Whitman Archive ID: anc.00238


The Walt Whitman Archive, edited by Ed Folsom (University of Iowa) and Kenneth M. Price (University of Nebraska–Lincoln), is the most ambitious editorial undertaking in the history of Whitman studies. Since the beginning in 1995, the purpose of the Archive has been to make Whitman's enormous oeuvre—poems, essays, letters, journals, jottings, and images, along with biographies, interviews, reviews, and criticism of Whitman—freely available on a Web site that will grow and change as new materials are discovered, edited, and encoded.

"Our aim," according to Price, "is to produce a scholarly edition of Whitman on the Web. We're doing this in part because his work defies the constraints of the book. Whitman's work was always being revised, was always in flux, and fixed forms of print do not adequately capture his incessant revisions" ("Introduction"). The editors of the Archive acknowledge that the site will never be complete; there are always new materials coming to light in addition to the thousands of documents that are not accessible to scholars outside of their repositories.

By the time the Archive is fully realized (and it is already quite substantial), it will complete and improve upon the monumental print edition of Whitman, the Collected Writings, which was published in 22 volumes by New York University Press from 1961 to 1984 and later supplemented by two additional volumes by Peter Lang and one by the University of Iowa Press. The Collected Writings has been indispensable for Whitman scholars, but it does not include Whitman's poetry manuscripts or, remarkably, an edition of the 1855 Leaves of Grass. Moreover, a printed edition could not keep pace with the frequent discovery of new materials without becoming unwieldy, particularly when the original publisher ceased to support it. So, for a long time, serious Whitman scholars—particularly those concerned with the development of the poems and the evolution of Whitman's published work—have had to teravel to far-flung repositories and purchase costly original editions of Leaves in order to fill the gaps in the Collected Writings, which is long out of print, hard to obtain, and expensive. I became interested in Whitman in the early 1990s, and it took more than ten years and at least a thousand dollars to complete my set of the Collected Writings a few volumes at a time from secondhand book dealers. Even many college and university libraries lack complete sets. Ultimately, the Archive will democratize access to the full range of Whitman's work and contemporary reception.

The Walt Whitman Archive is easy to navigate, it generally downloads quickly, and it has a clean, professional appearance. I have used it regularly for about two years; indeed, the site has become indispensable for me, even with a fairly comprehensive collection of materials on Whitman. I have sometimes used the Archive while working on scholarly essays when I am away from my home institution.

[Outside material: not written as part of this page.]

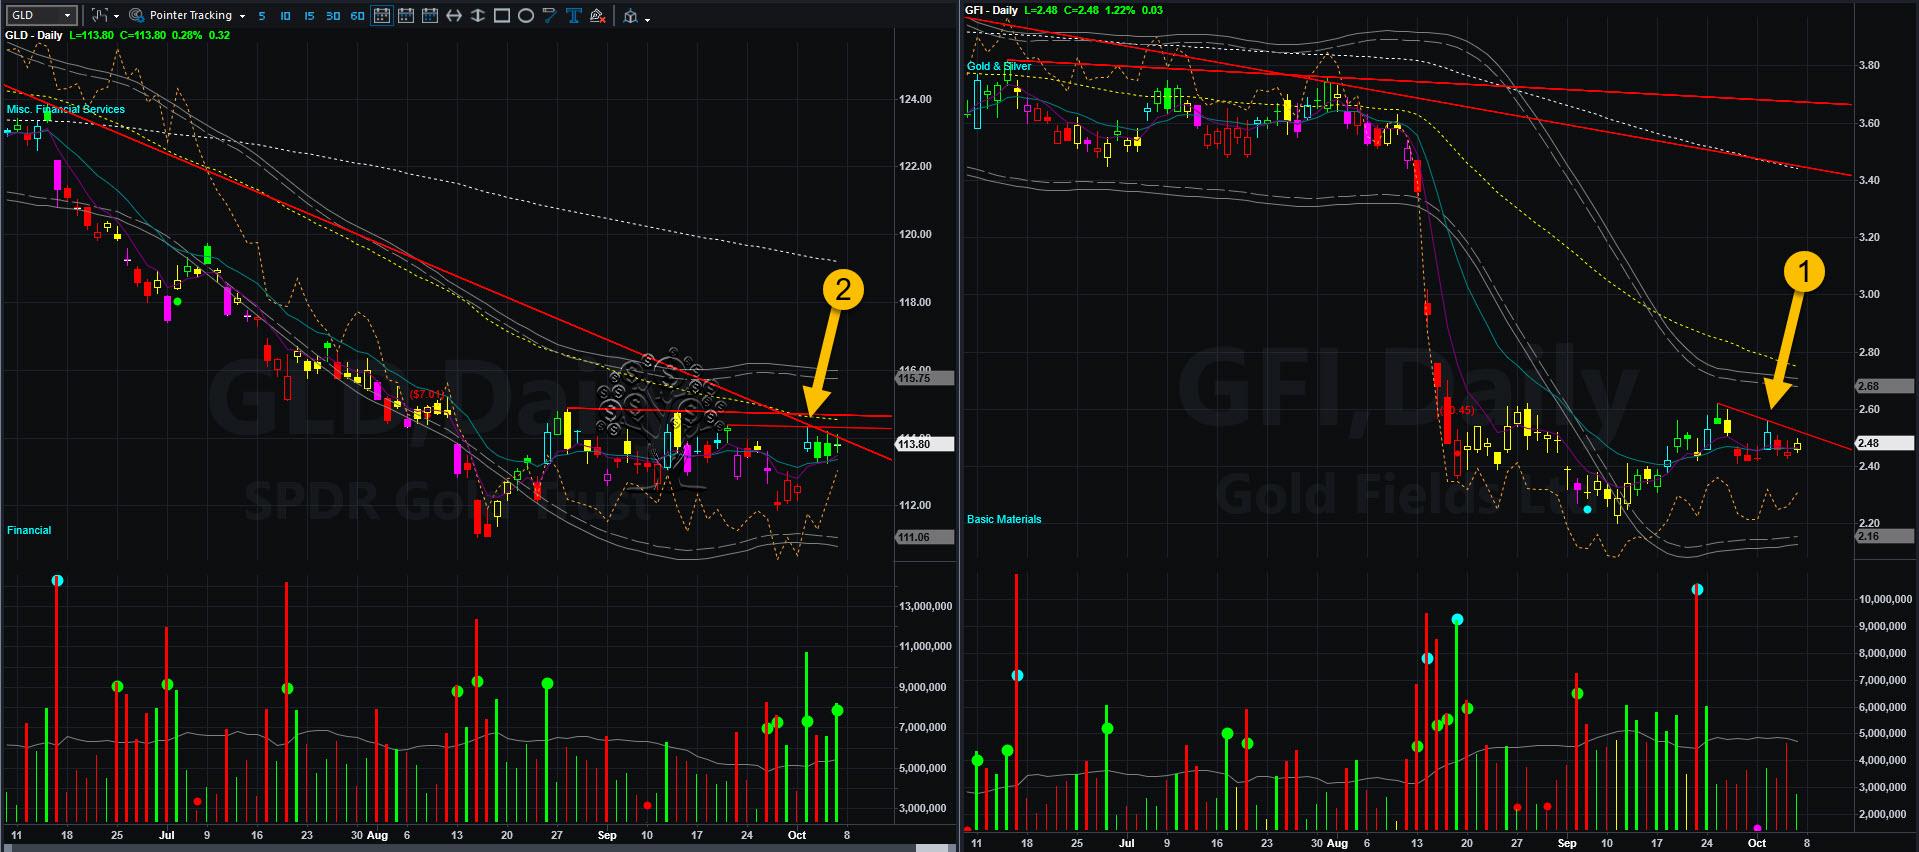 gfi chart 2018-10-06_0-12-37.jpg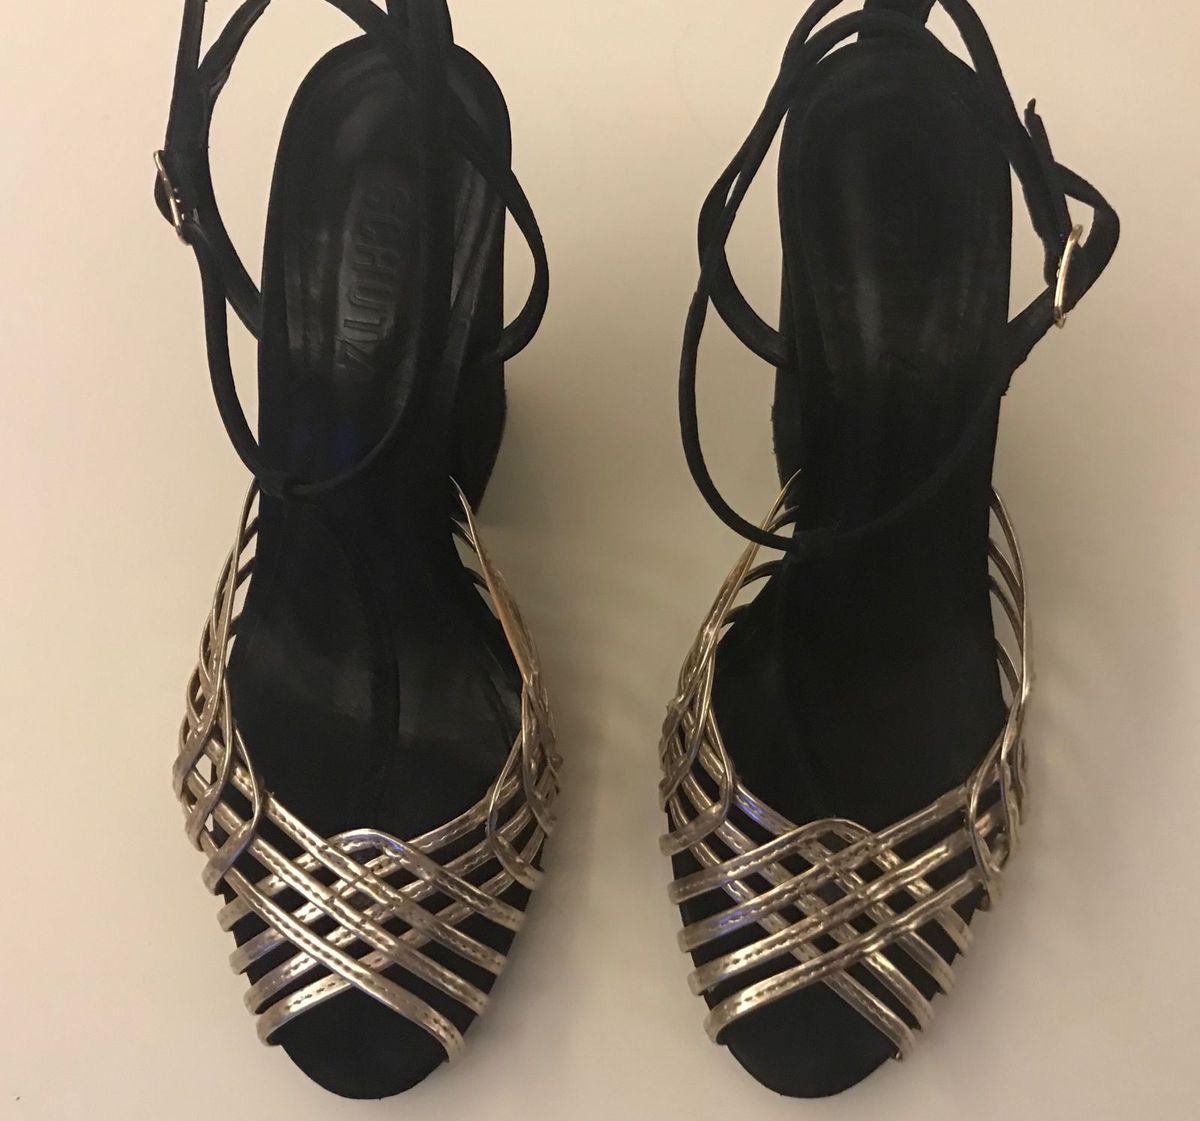 sandalia preta e dourada camurça schutz - sandálias schutz

In this way, the Web site makes an extensive library of Whitman materials portable to anyone with mobile Internet access, and its search function enables one to locate quotations in a fraction of the time it takes to locate them in the published versions.

In addition to pages containing information on the site's supporters, its staff, and guidelines for fair use, the Archive contains ten sections of Whitman materials. the "Introduction" provides visitors with a convenient overview of "Recent Changes and Additions" (updated on April 19, 2006, as of this writing), a helpful "Overview of the Archive," a "History of the Project," answers to "Frequently Asked Questions," a "Technical Summary," "Encoding Guidelines," a collection of "Articles and Interviews about the Archive," and password–protected access to the original version of the Archive, which was online from 1995 to 2000. Beyond this front– and back–matter, the site contains a gathering of extraordinary, unique, and expanding resources ("Manuscripts," "Works," "Criticism," "Images," "Disciples," "Bibliography"), along with a few sections that are helpful to the nonspecialist but appear more like works–in–progress with more potential than content ("Biography," "Audio," "Teaching").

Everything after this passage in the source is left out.